Пышная юбка шевельнулась, от фиалок шло шелковистое мерцание, похожее на лунный свет, густые светлые волосы покачивались, сверкая фиолетовыми прядями. Я подошел к ней, дотронулся кончиками пальцев до волос и почувствовал, что они полны жизни. От гладкой ароматной кожи исходило мягкое атласное сияние, на тонком запястье — браслет из фиалок. Я обнял ее и поцеловал в шею. Ее тело мгновенно напряглось, она извернулась и высвободилась. «Не прикасайся ко мне! Как у тебя еще наглости хватает… — Казалось, она вот-вот заплачет. — Ну и чего ты ждешь? Отчего не уходишь? Но теперь уж больше не возвращайся. Ни видеть, ни слышать тебя не желаю!» Она сорвала подаренные мною часы и кольцо и с силой бросила в мою сторону; потом подняла руки, пытаясь расстегнуть ожерелье сзади, в изгибе ее легкого тела было столько женской сладострастности, которой на самом деле в ней не было. Я с трудом сдержался, чтобы снова не обнять ее, но вместо этого попросил ее успокоиться. «Ну, зачем так злиться? Давай расстанемся по-хорошему. Ты же знаешь, какие чувства я испытывал к тебе все это время. Я повсюду искал тебя, силой привез сюда. Но ты так часто повторяла, что ненавидишь меня, что не хочешь иметь со мной ничего общего, что мне в конце концов пришлось поверить». Однако это была лишь полуправда, и мне это было известно. Я осторожно взял ее за руку. Рука была напряженной, неотзывчивой, но она все же не отдернула ее, позволила дотронуться до себя, не сводя с меня серьезных, невинных, чуть подведенных глаз, в которых читались сомнение, осуждение… Одной рукой она по-прежнему пыталась расстегнуть ожерелье; блестящие волосы, аромат фиалок так близко от меня. Потом мрачно сказала: «А если бы я всего этого не говорила, ты бы со мной остался?»
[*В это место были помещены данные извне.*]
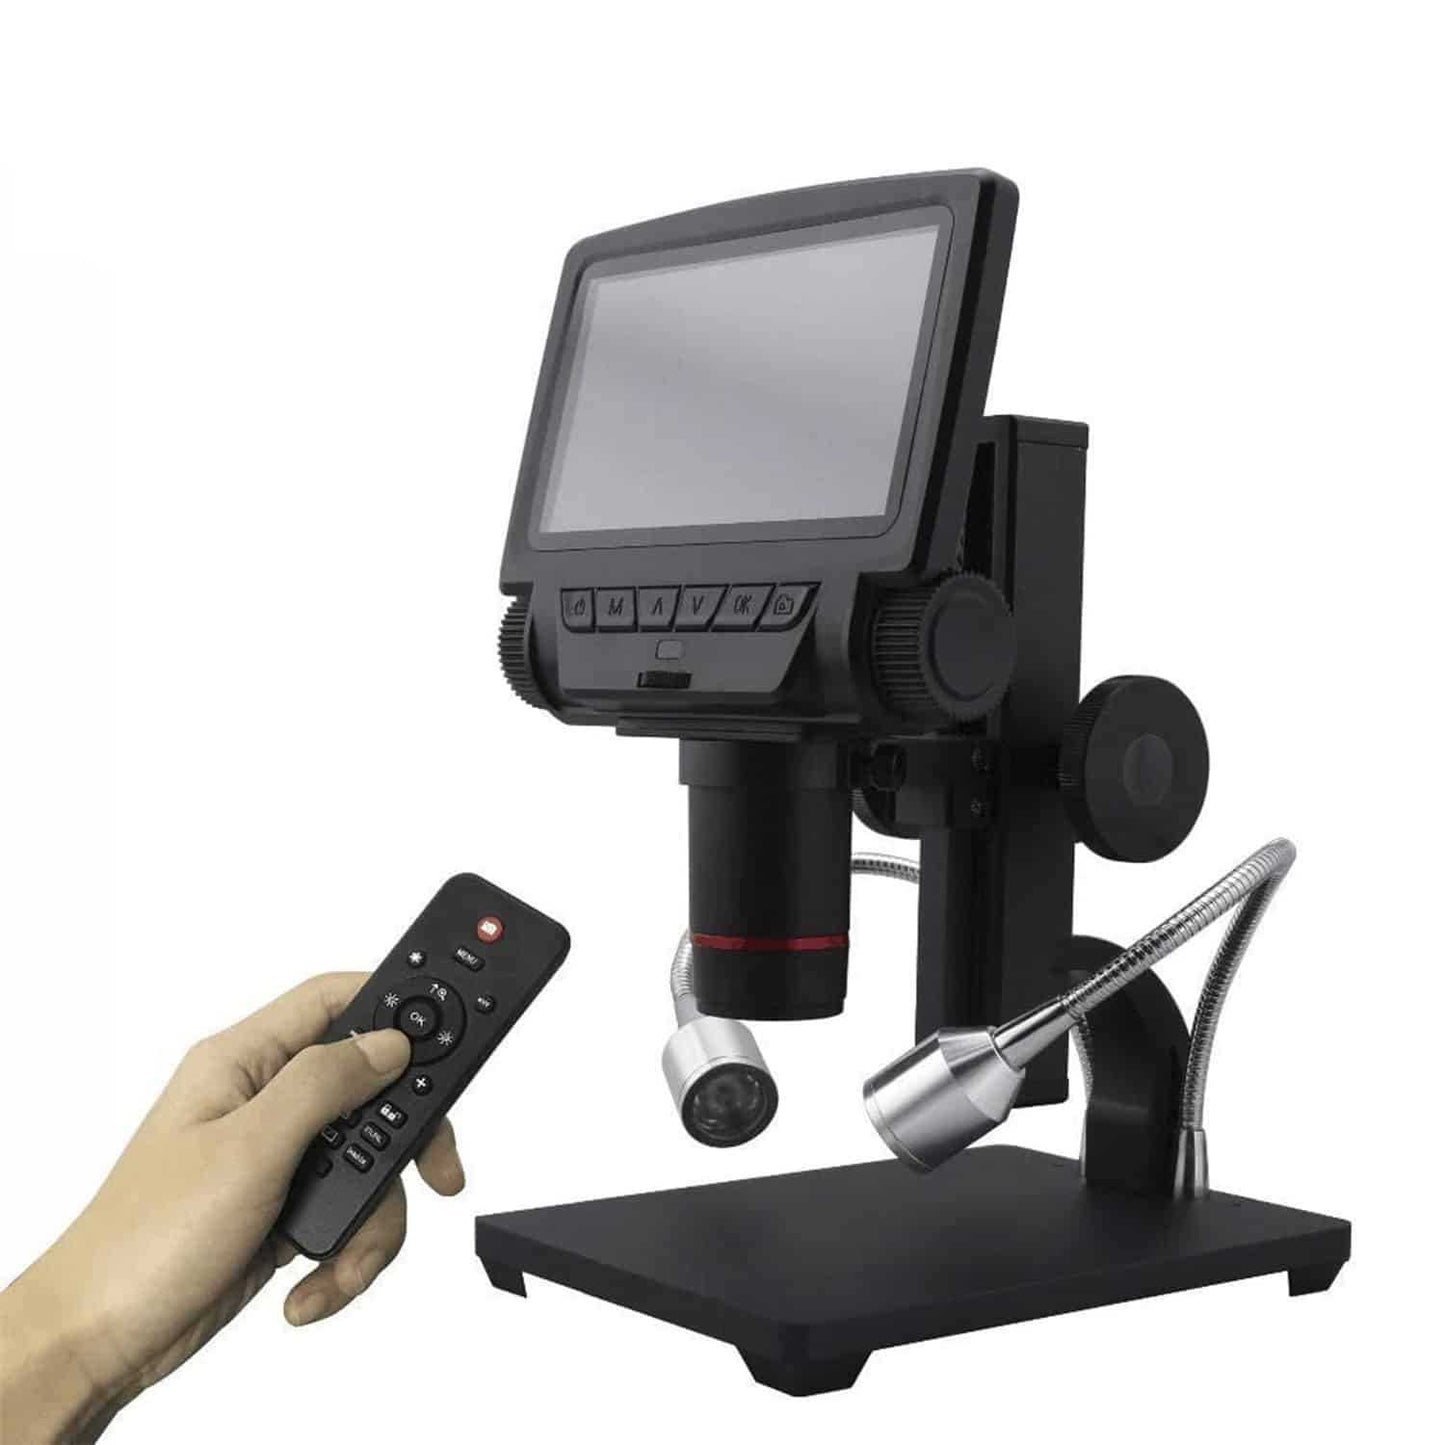 Andonstar ADSM301 080P HDMI Digital Microscope - Andonstar

Сейчас надо было отвечать предельно честно, но я не был уверен, смогу ли, и в итоге единственными нелживыми словами оказались: «Не знаю».

Она вдруг рассвирепела, вырвала руку, а другой порвала ожерелье, и бусины разлетелись по комнате. «Как можно быть таким бессердечным — и гордиться этим! Любому на твоем месте было бы стыдно… а ты… ты даже не делаешь вида, что у тебя есть какие-то чувства… это так ужасно и отвратительно… да ты просто недочеловек!» Мне было жаль, я не хотел ее обидеть; и по-своему мне было понятно ее возмущение. Мне нечего было сказать, а мое молчание еще больше ее распаляло. «Все, довольно! Иди! Уходи!» Она внезапно обернулась ко мне и неожиданно толкнула с такой силой, что я отшатнулся и, больно ударившись локтем о дверь, спросил раздраженно: «А чего ты так спешишь меня вытолкать? Ждешь кого-то? Владельца кабриолета, в котором ты разъезжаешь?» — «Как же я тебя презираю и ненавижу!» Она снова толкнула меня. «Убирайся, вон! Уходи!» Она набрала воздуха и стала колотить меня в грудь кулачками. Утомившись, внезапно остановилась и, свесив голову, прислонилась к стене. Наконец, яркая прядь упала, скрыв лицо, и я успел заметить, что оно покрылось пятнами. Последовала краткая пауза, и я почувствовал легкий озноб, прообраз того, что потом станет чувством пустоты, потери… того, во что превратится моя жизнь без нее.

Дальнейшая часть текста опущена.